Exercise aim: Look in the listing below for the line that has "Bride and groom", then return it and each following line up to and including the one with "Orca (Killerwhale) Gold Ring", exactly and without pictures.

Provided records:
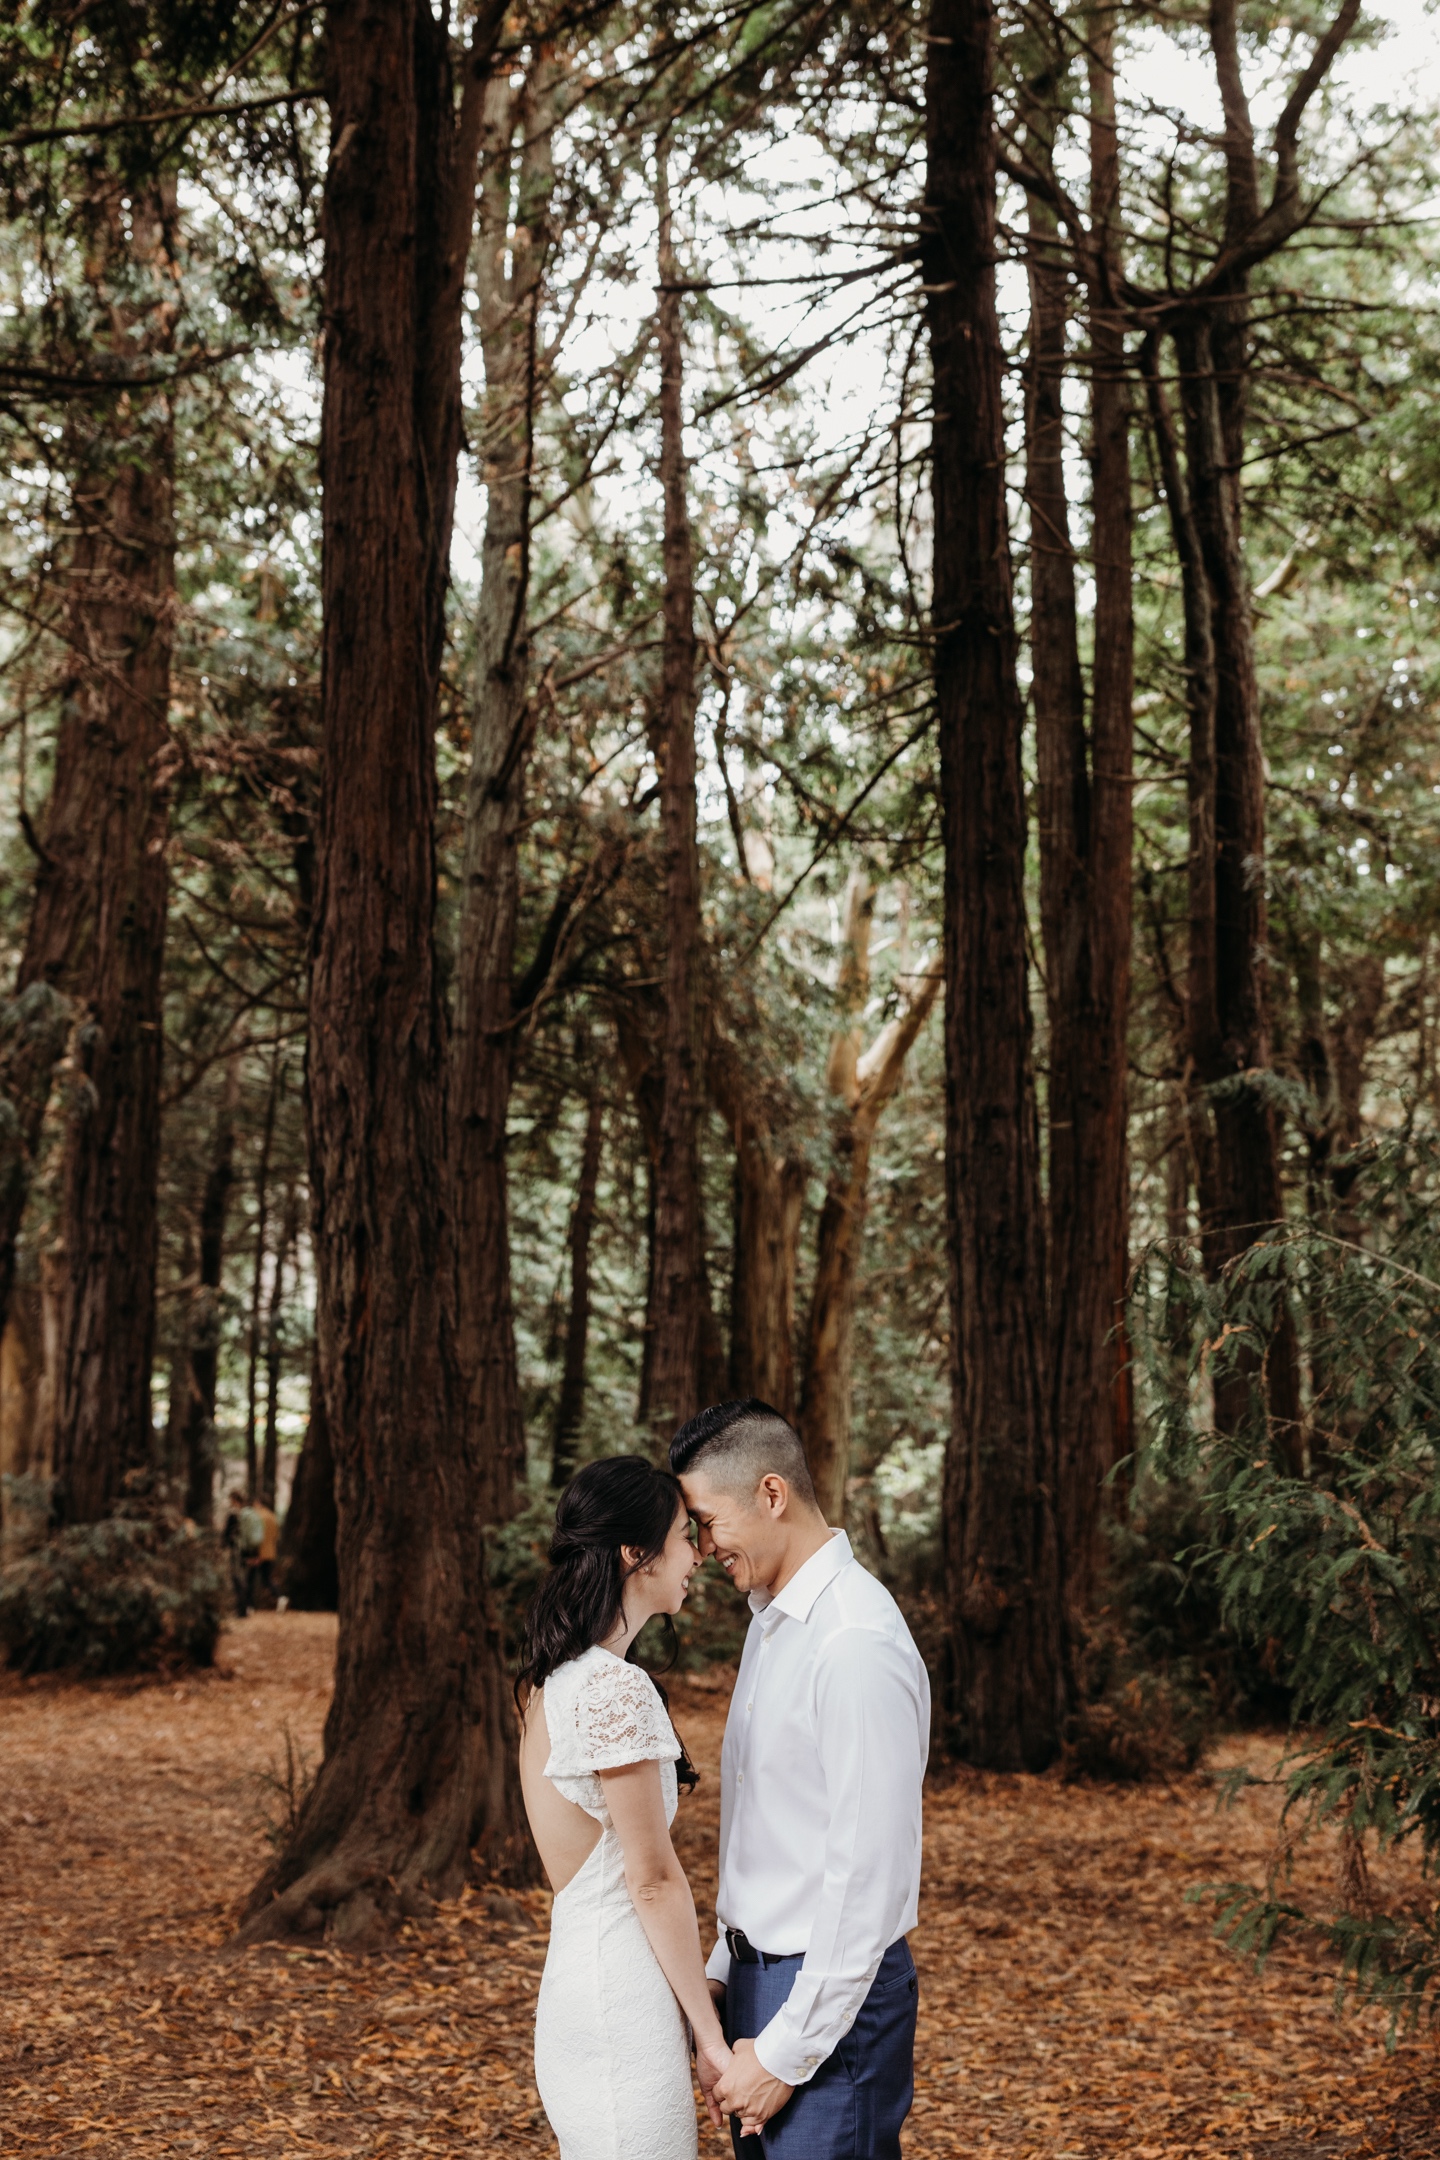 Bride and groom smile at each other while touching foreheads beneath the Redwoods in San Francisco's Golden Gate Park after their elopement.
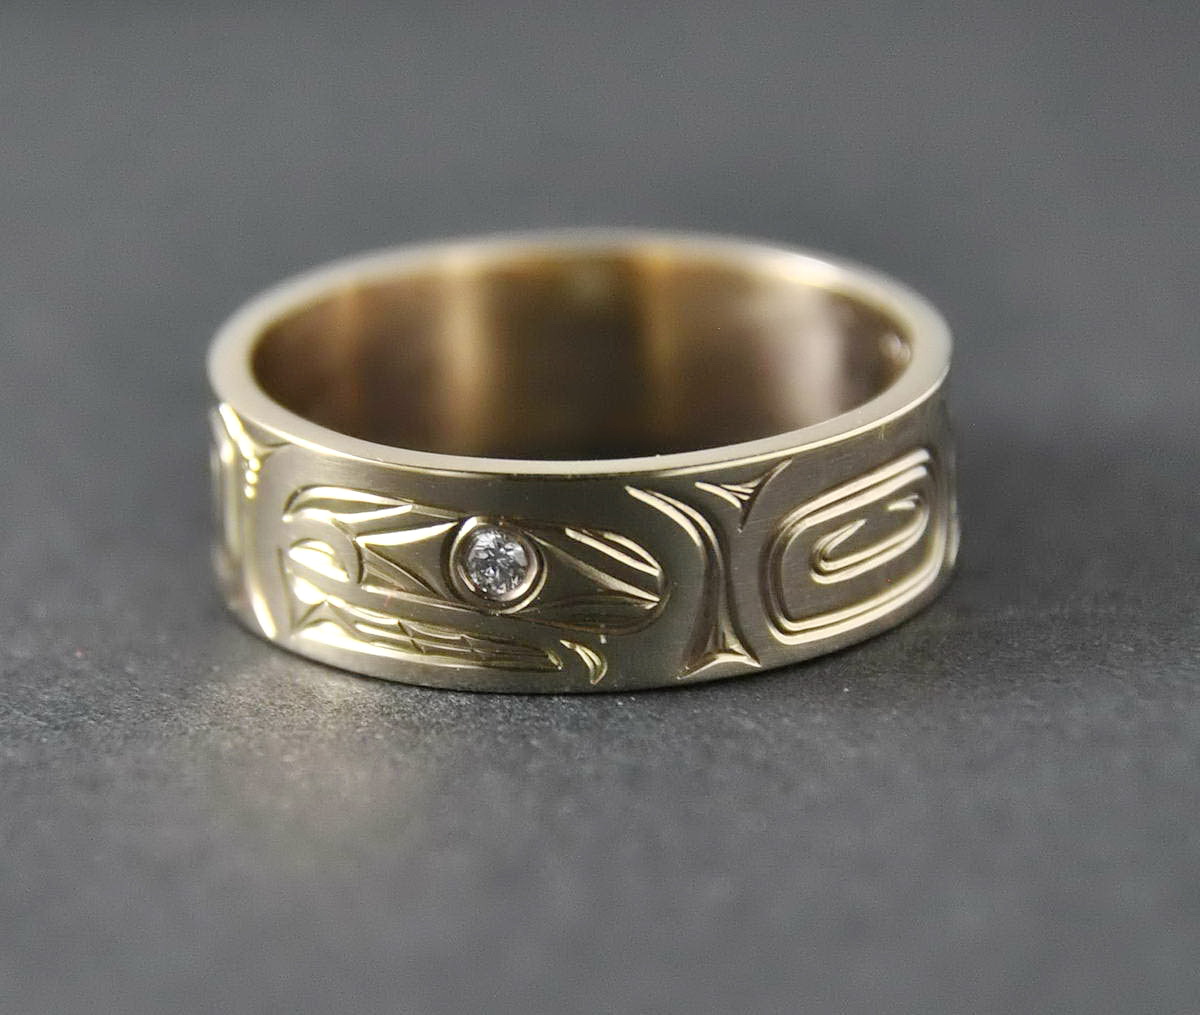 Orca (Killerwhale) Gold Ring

--

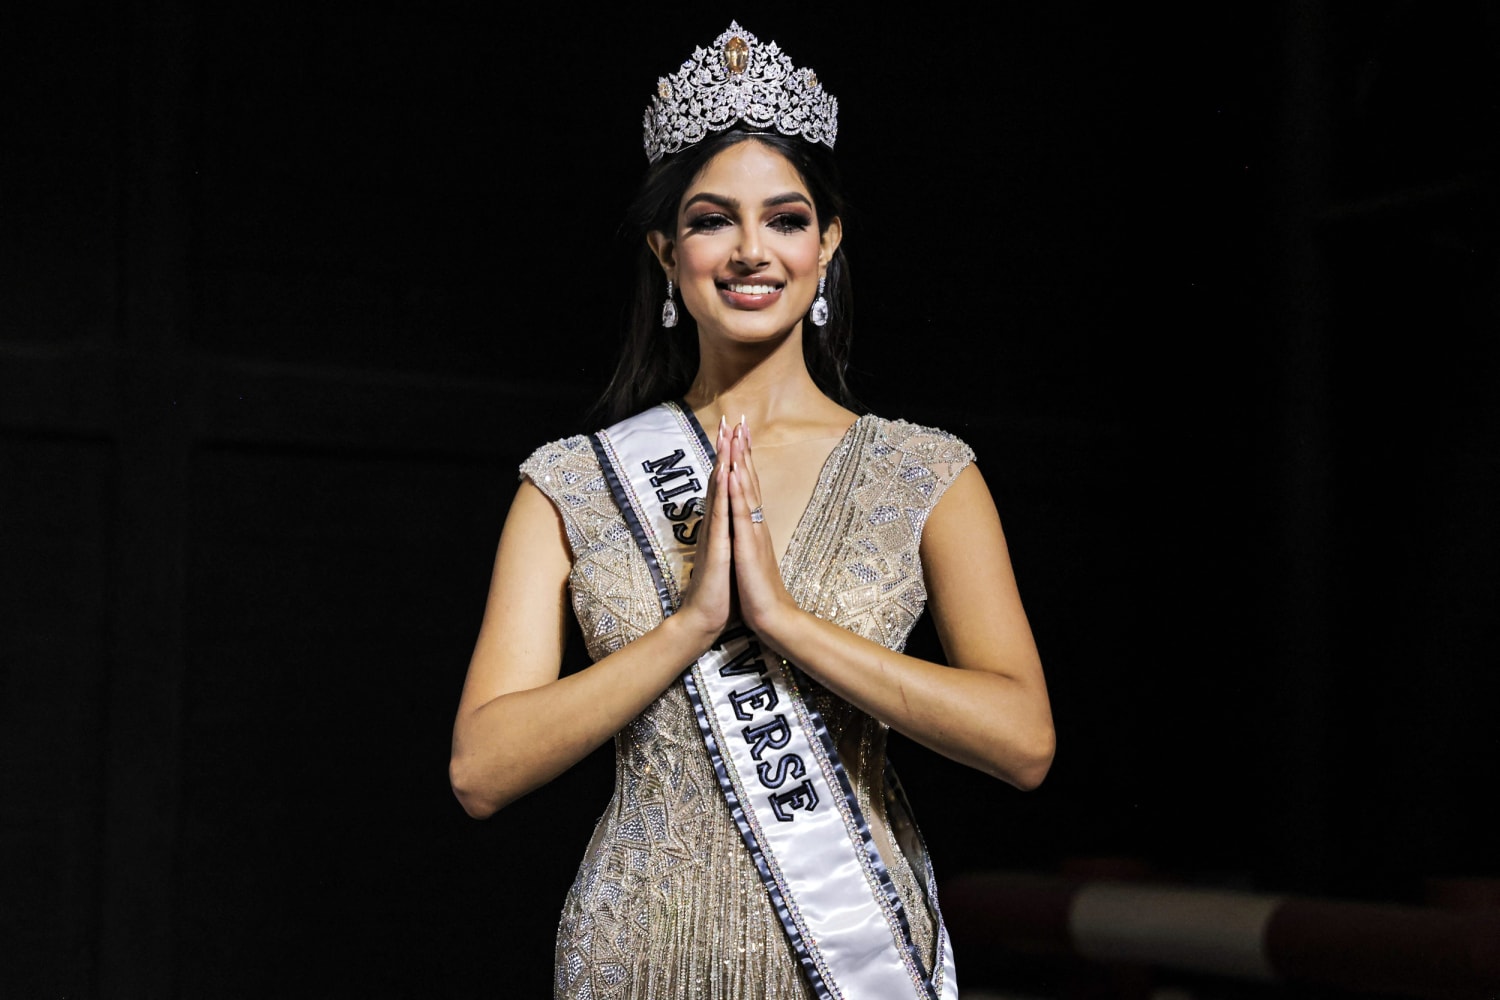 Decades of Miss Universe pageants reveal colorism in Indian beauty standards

==

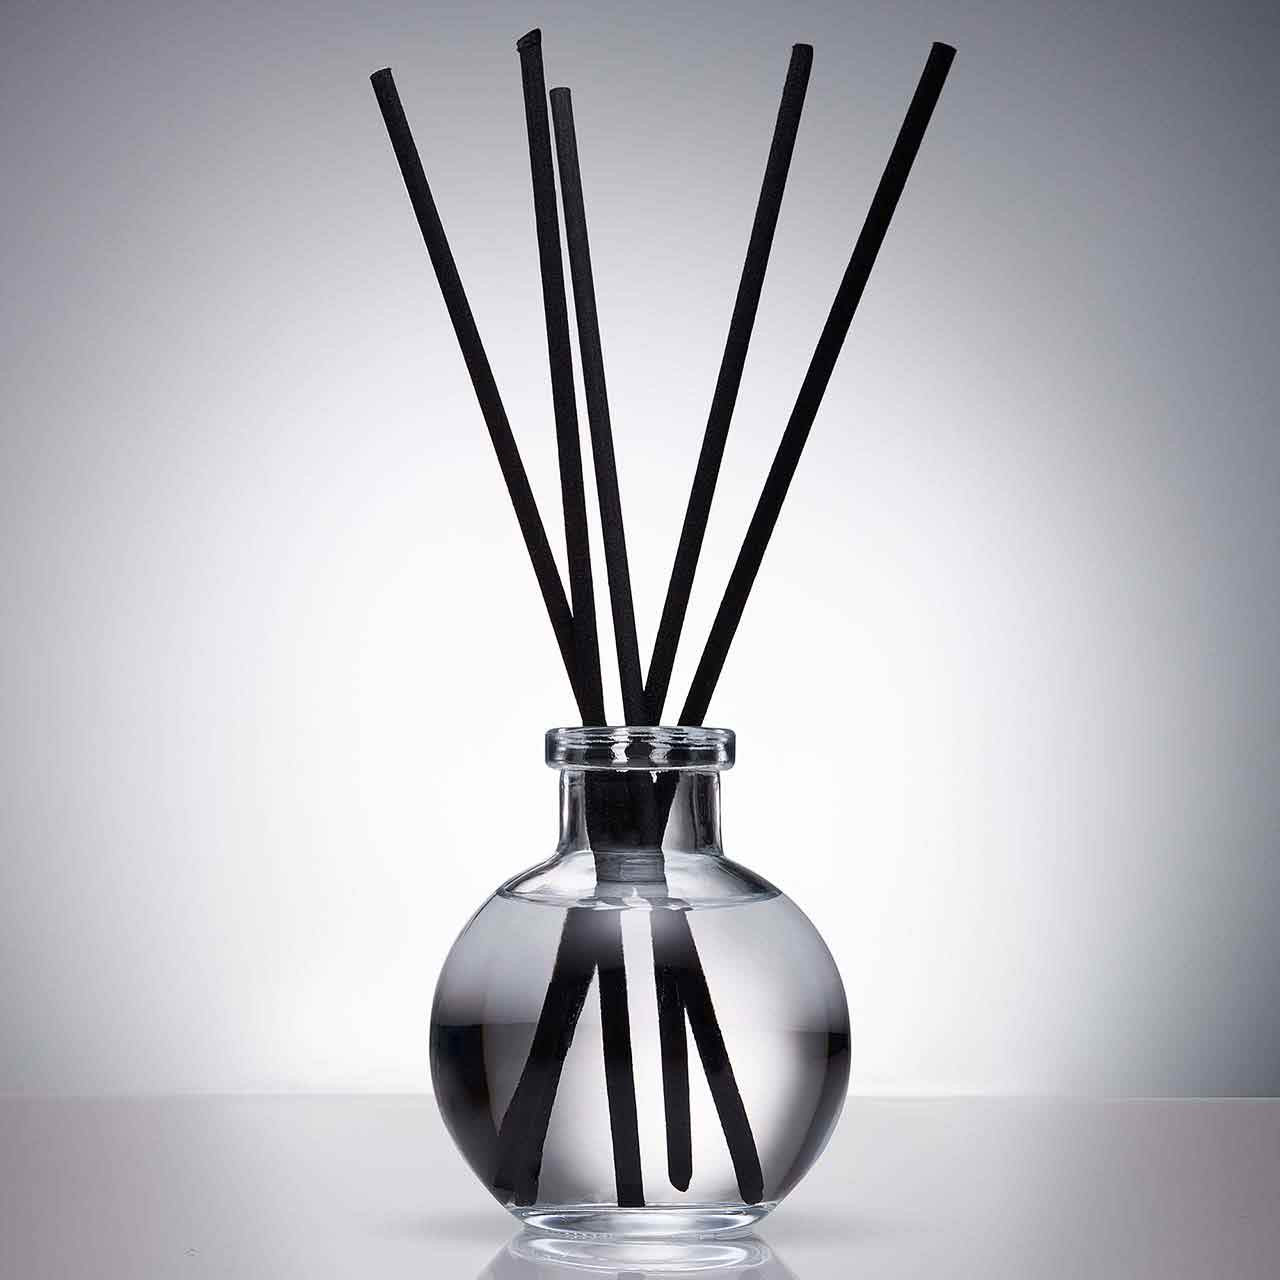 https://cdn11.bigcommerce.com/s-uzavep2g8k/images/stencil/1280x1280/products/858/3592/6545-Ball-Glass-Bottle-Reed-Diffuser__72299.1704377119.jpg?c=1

Output of the task:
 Bride and groom smile at each other while touching foreheads beneath the Redwoods in San Francisco's Golden Gate Park after their elopement.
 Orca (Killerwhale) Gold Ring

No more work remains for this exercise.